Arctic Ice In Perspective

With Arctic ice melting season underway, warmists are again stoking fears about ice disappearing in the North.  In fact, the pattern of Arctic ice seen in historical perspective is not alarming. People are over-thinking and over-analyzing Arctic Ice extents, and getting wrapped around the axle (or should I say axis).  So let’s keep it simple and we can all readily understand what is happening up North.

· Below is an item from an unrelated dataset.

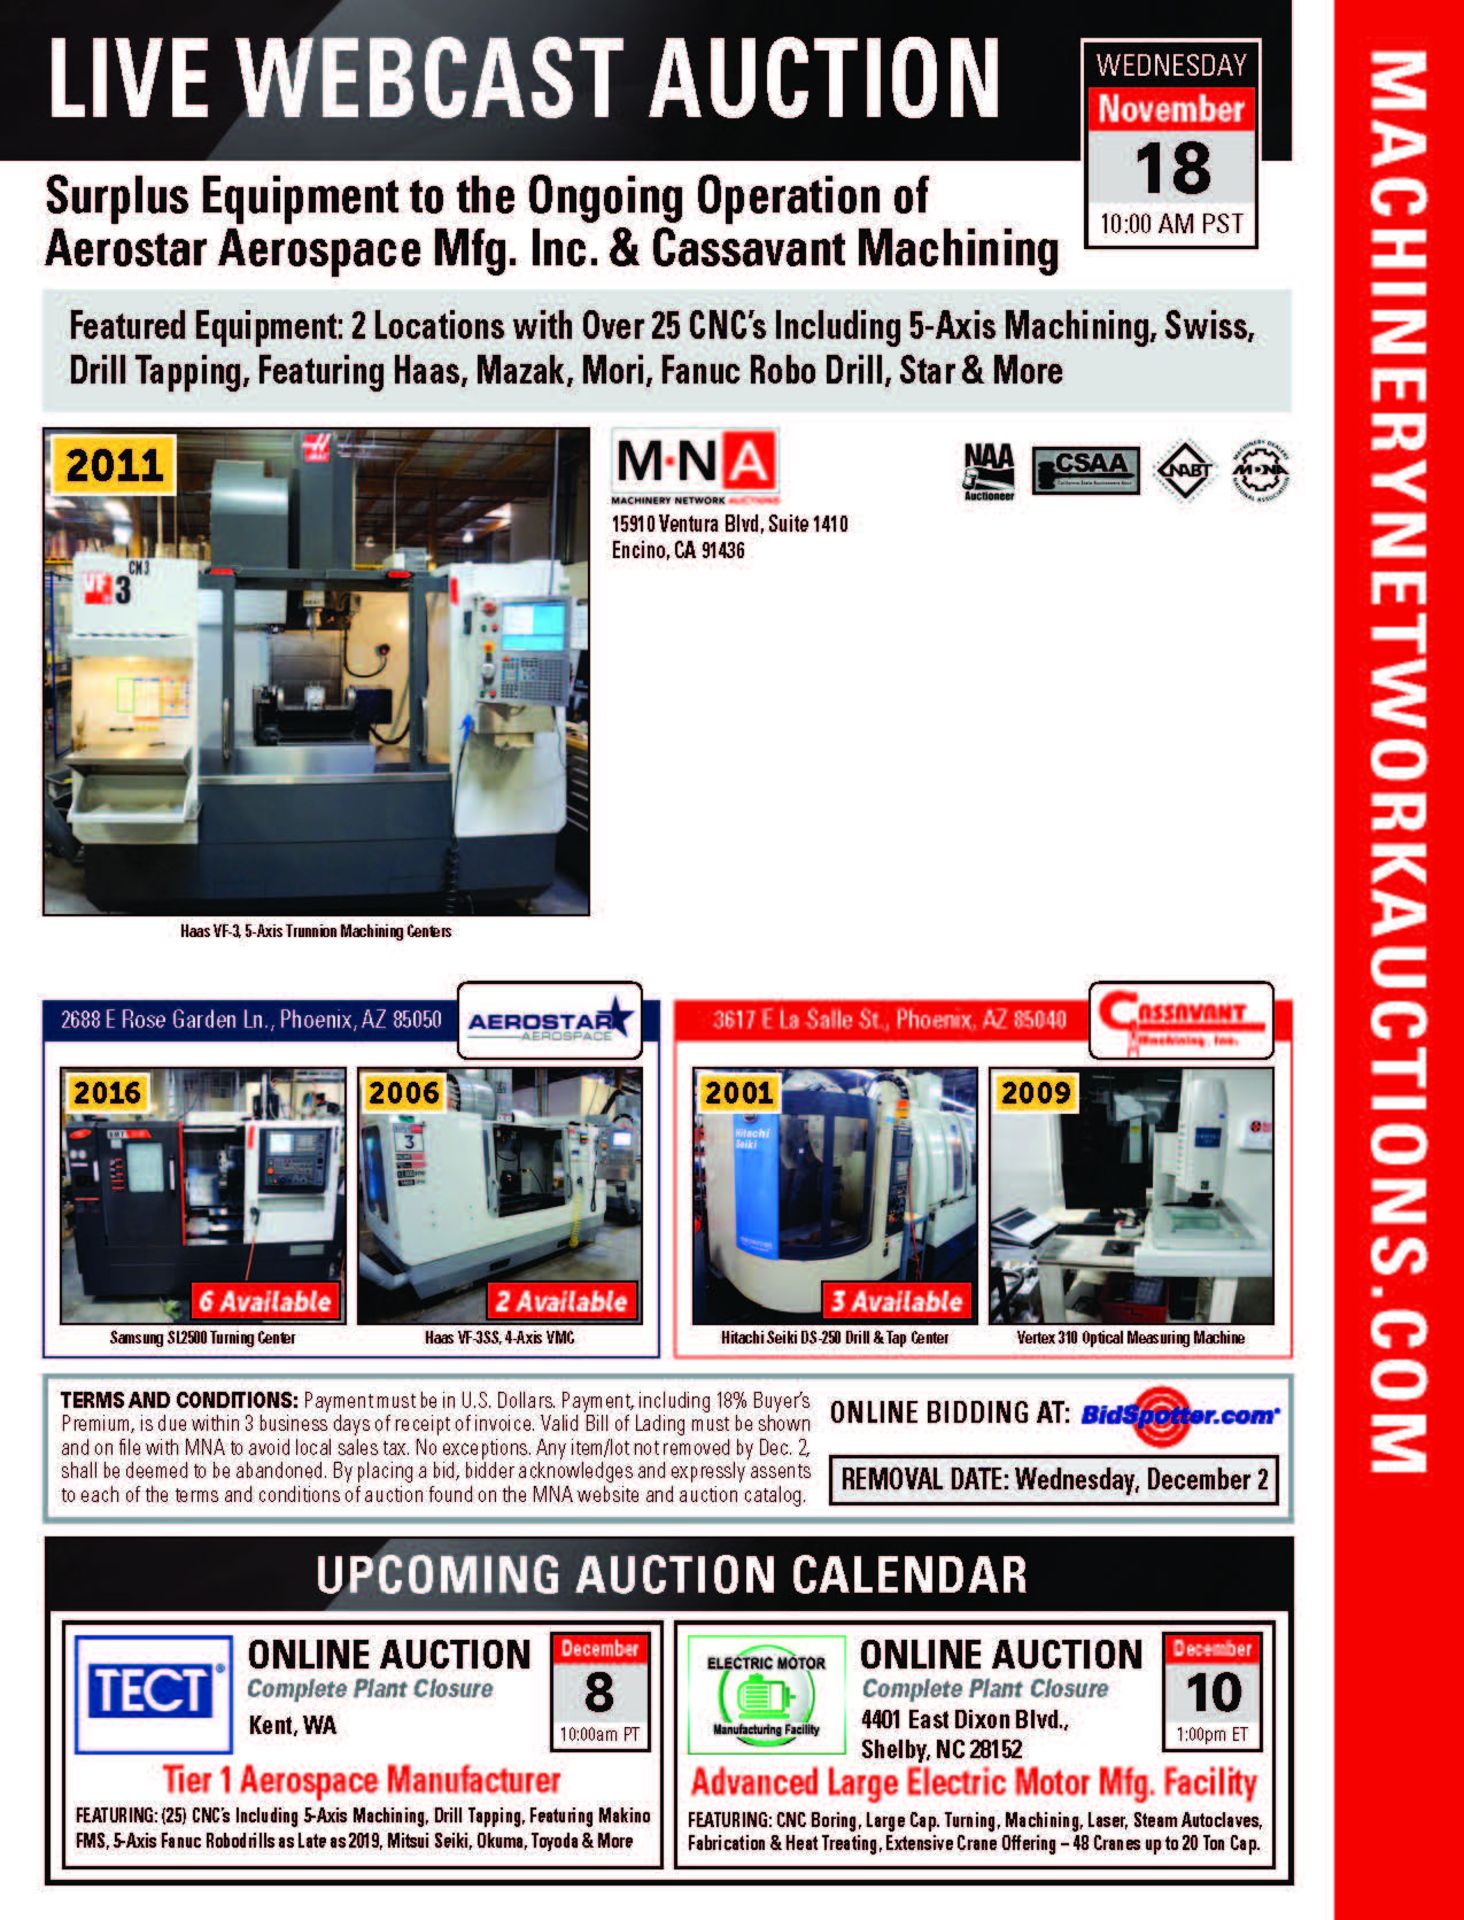 2 Locations with Over 25 CNC’s Including Haas 5-Axis Machining, Fanuc Robodrills, Star Swiss & More - Image 2 of 2

I will use the ever popular NOAA dataset derived from satellite passive microwave sensors.  It sometimes understates the ice extents, but everyone refers to it and it is complete from 1979 to 2018.  Here’s what NOAA reports (in M km2):

We are frequently told that only the March maximums and the September minimums matter, since the other months are only transitional between the two.  So the graph above shows the mean ice extent, averaging the two months March and September.

If I were adding this to the Ice House of Mirrors, the name would be The X-Ray Ice Mirror, because it looks into the structure of the time series.   For even more clarity and simplicity, here is the table:

NOAA NH Annual Average Ice Extents (in M km2).  Sea Ice Index v3.0 (here)

Year Average Change Rate of Change
1979 11.697
1996 11.353 -0.344 -0.020 per year
2007 9.405 -1.949 -0.177 per year
2018 9.506  +0.102 +0.009 per year

The satellites involve rocket science, but this does not.  There was a small loss of ice extent over the first 17 years, then a dramatic downturn for 11 years, 9 times the rate as before. That was followed by the current plateau with no further loss of ice extent.  All the fuss is over that middle period, and we know what caused it.  A lot of multi-year ice was flushed out through the Fram Strait, leaving behind more easily melted younger ice. The effects from that natural occurrence bottomed out in 2007.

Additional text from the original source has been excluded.